QuickBooks: Contribution Creates a Strong Sense of Ownership
Companies that have been around a long time may be able to tap their long-time users for user generated content. While working with expert contributors in Intuit’s
QuickBooks Help community, external volunteer contributors shared deep product expertise with other customers in response to posted help questions.
These “super user” contributions happened alongside those of paid Intuit agents doing the same job. A few super users even expressed that the community was a peer-to-peer support forum to the customers they were helping. That was their perception, but it wasn’t actually true.
Along with contribution comes a sense of ownership. Time and effort invested in helping others in a community, ultimately helps the host company if the agenda and terms of use have been defined correctly.
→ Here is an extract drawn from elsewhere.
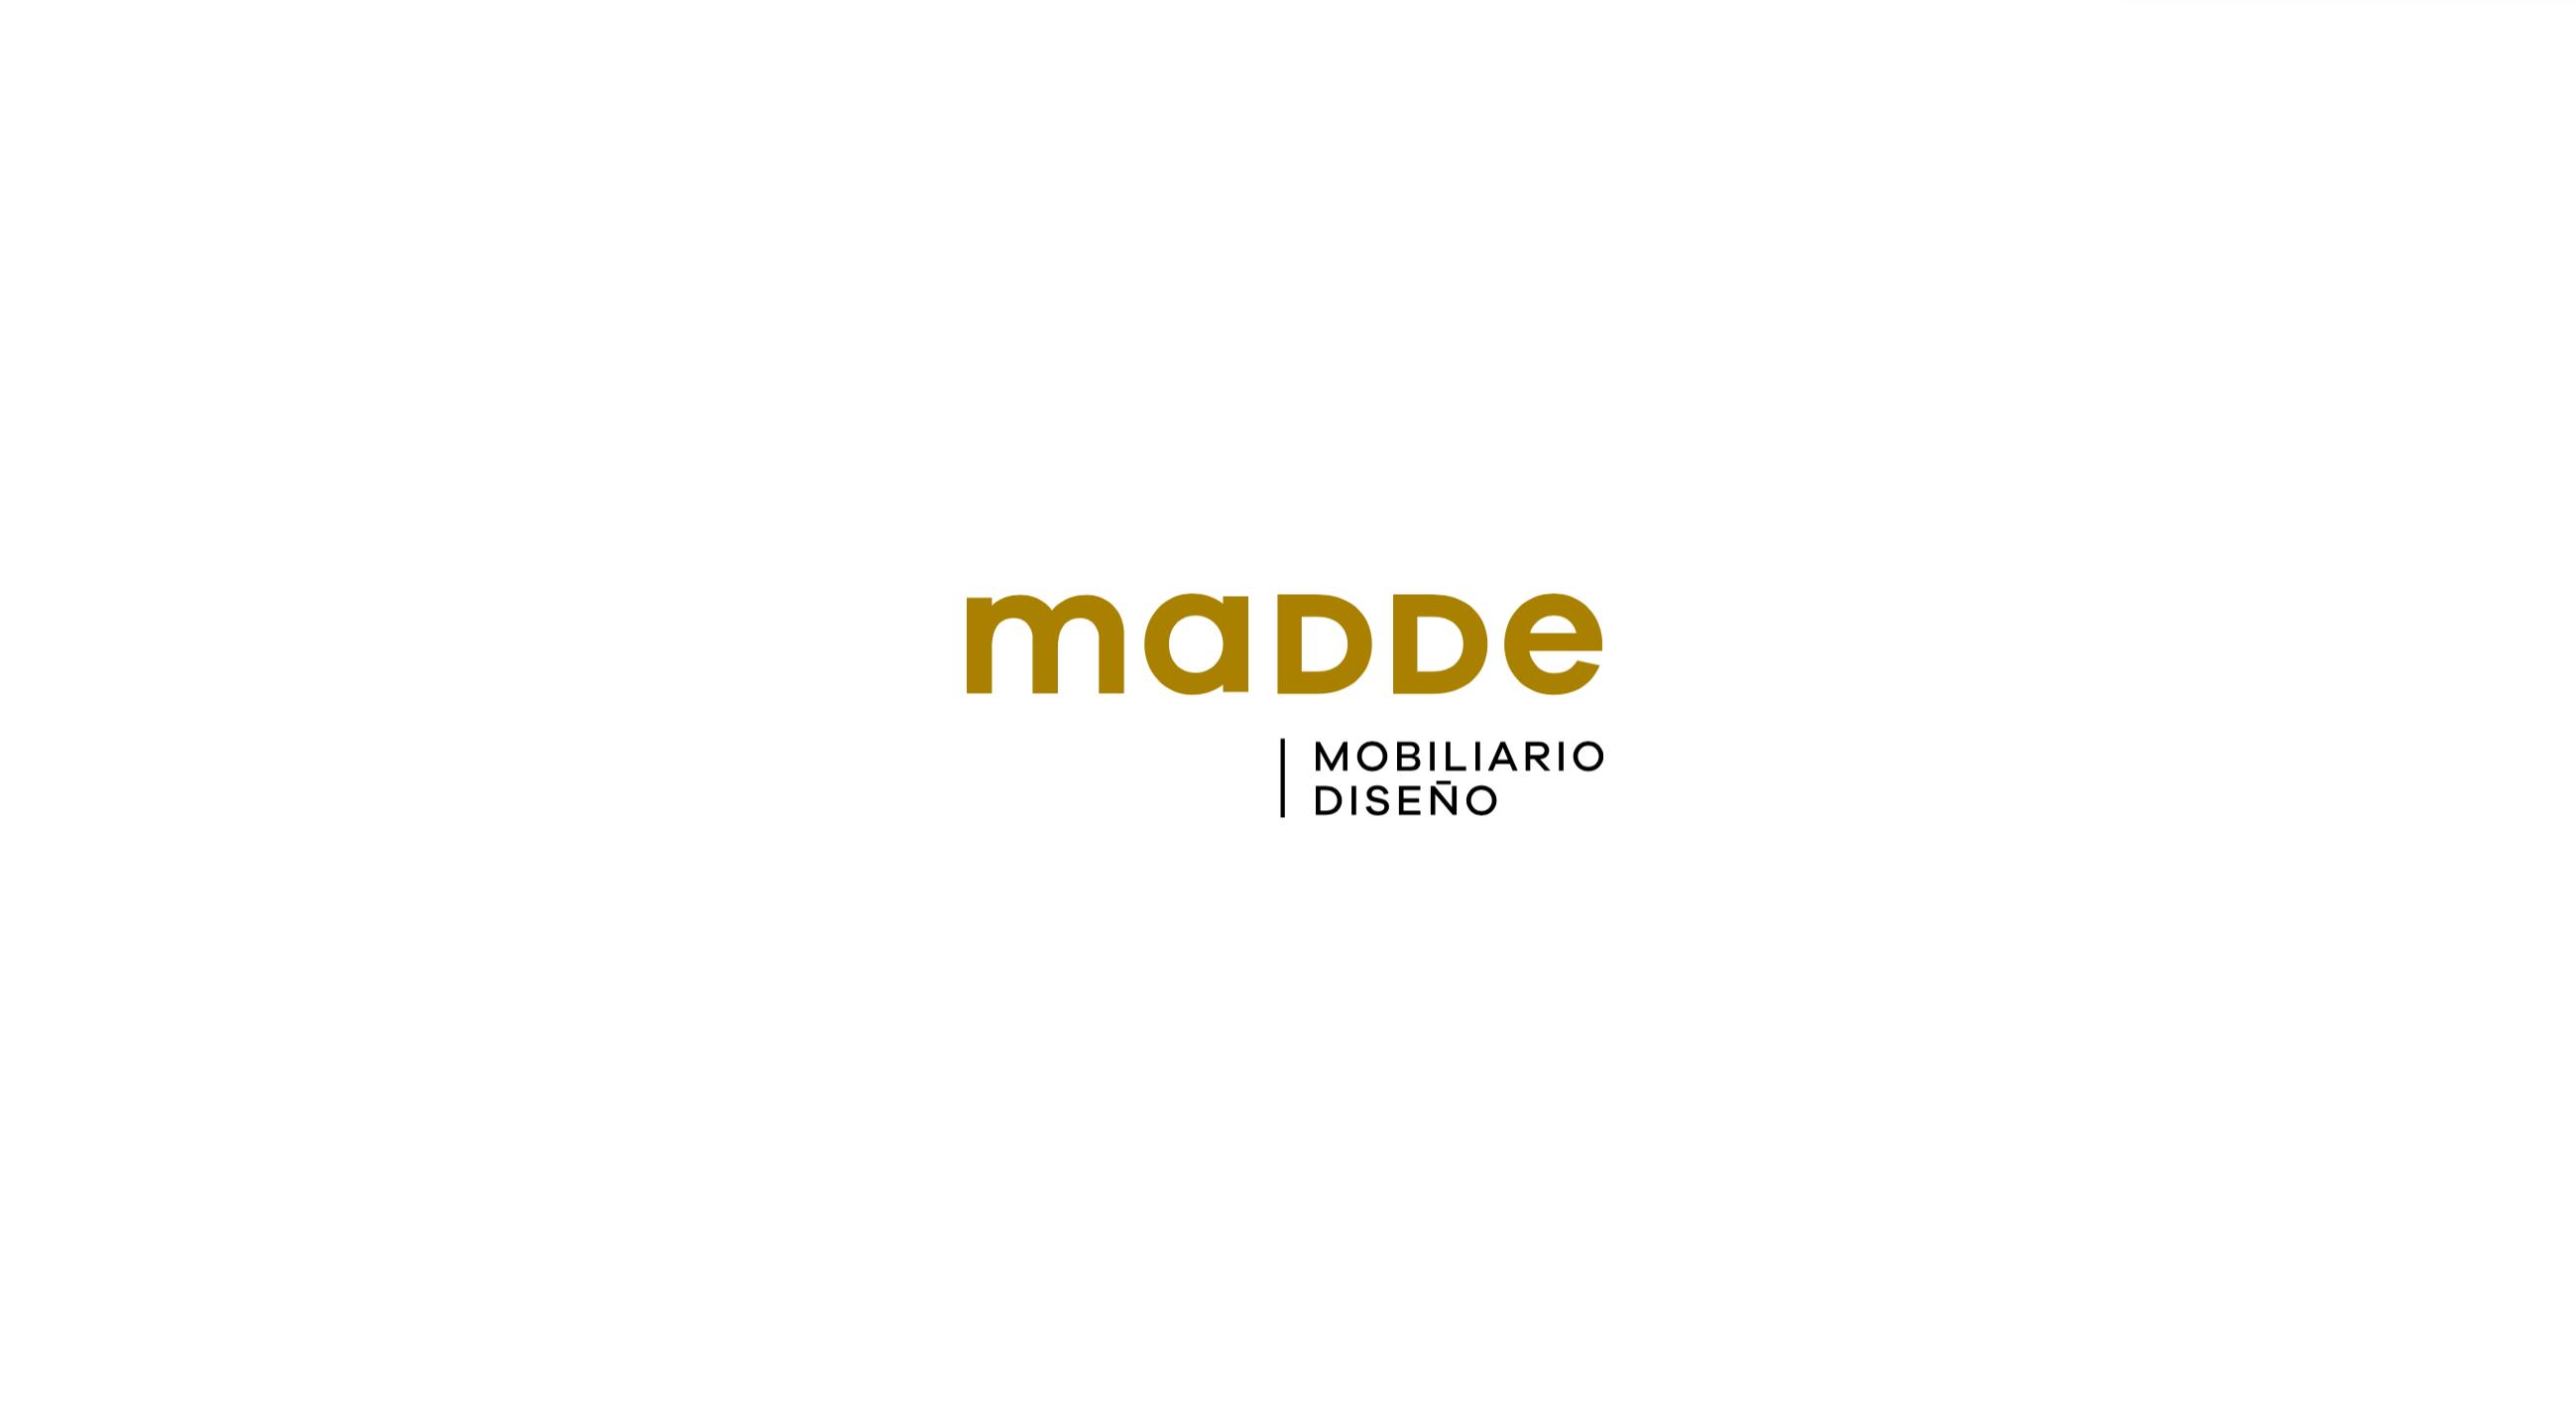 Diseño logo Madde
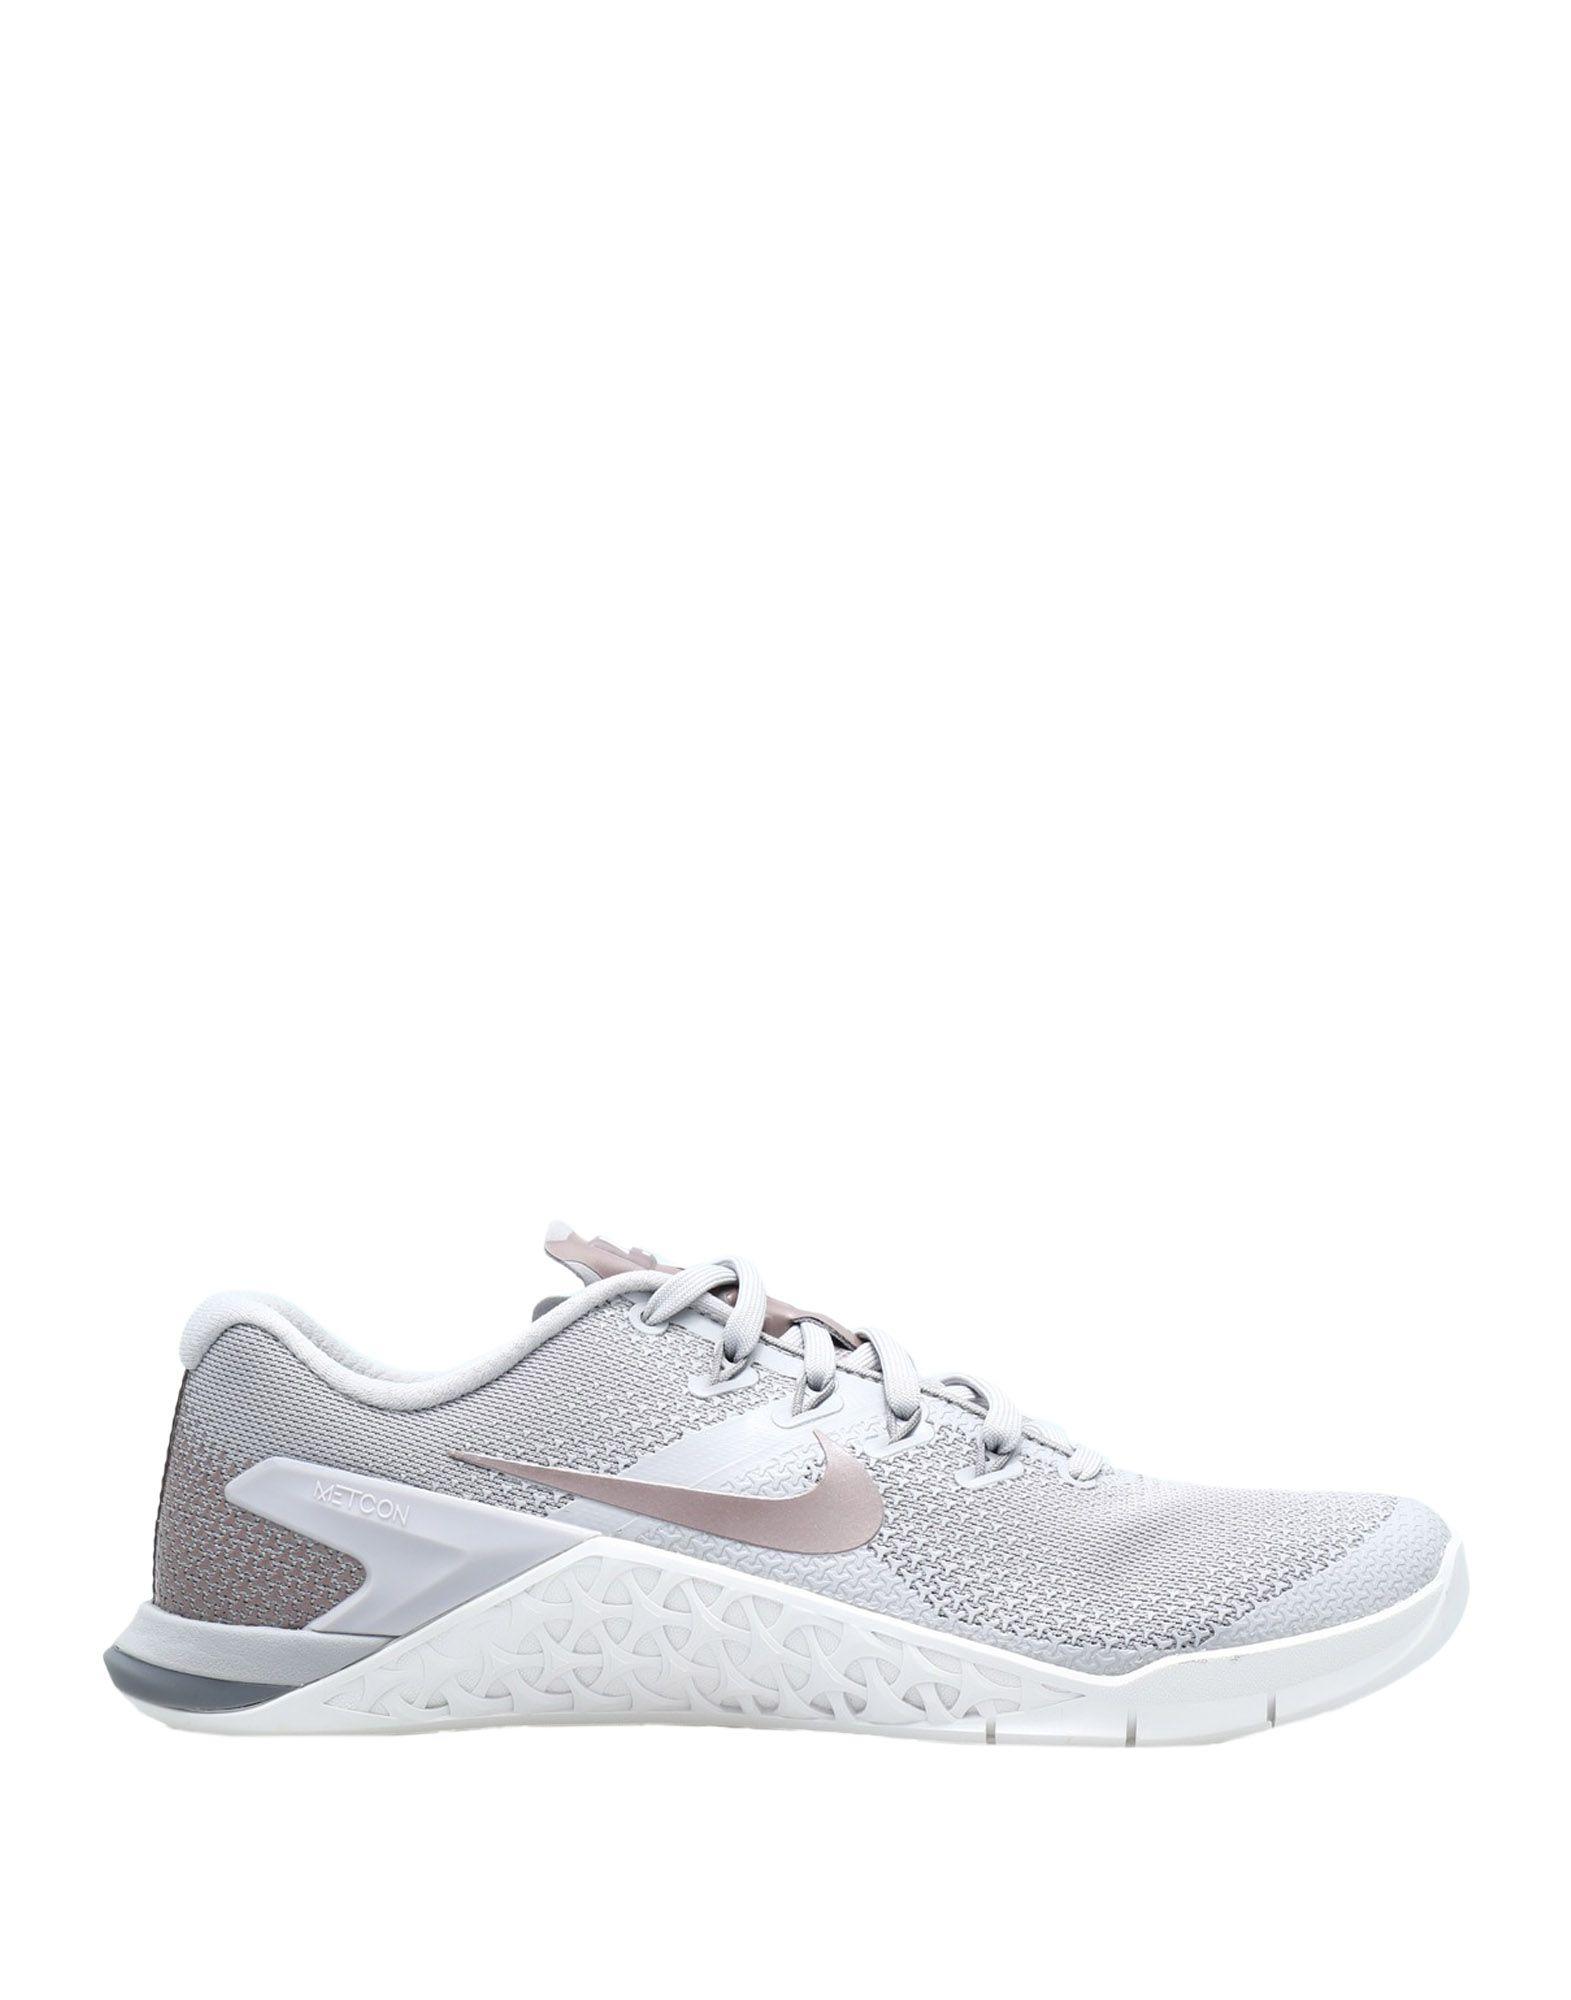 purchase cheap c8c22 e03a7 Baskets Nike Metcon 4 Lm - Femme - Nike Gris Remise de marque Baskets  nogotx1317-Baskets - strap.lonestar.space

The key is to channel that energy community members bring through their sense of “ownership” as contributors into reputation programs and incentives such as making them more prominent through a reputation program. In some cases, saying “thank you” may go farther than you think.
Conclusion
At a recent
CMX Summit in San Francisco, Douglas Atkin, Airbnb’s Global Director of Community shared Airbnb’s community growth story. The company leveraged the talents of its own community to scale up around the world and invite in collaboration on tasks such as re-creating Airbnb’s company logo. The 80,000 contributors weren’t just creating a logo, they were building a brand and ultimately deepening their connection with Airbnb.
Much can be taken from the real world of face to face relationships to guide a company’s efforts in building community. By anticipating emotional connection, defining the community’s guidelines and giving passionate contributors a way to grow how deeply they are involved, companies can build in these elements for KPIs that look at both quantitative and qualitative measures.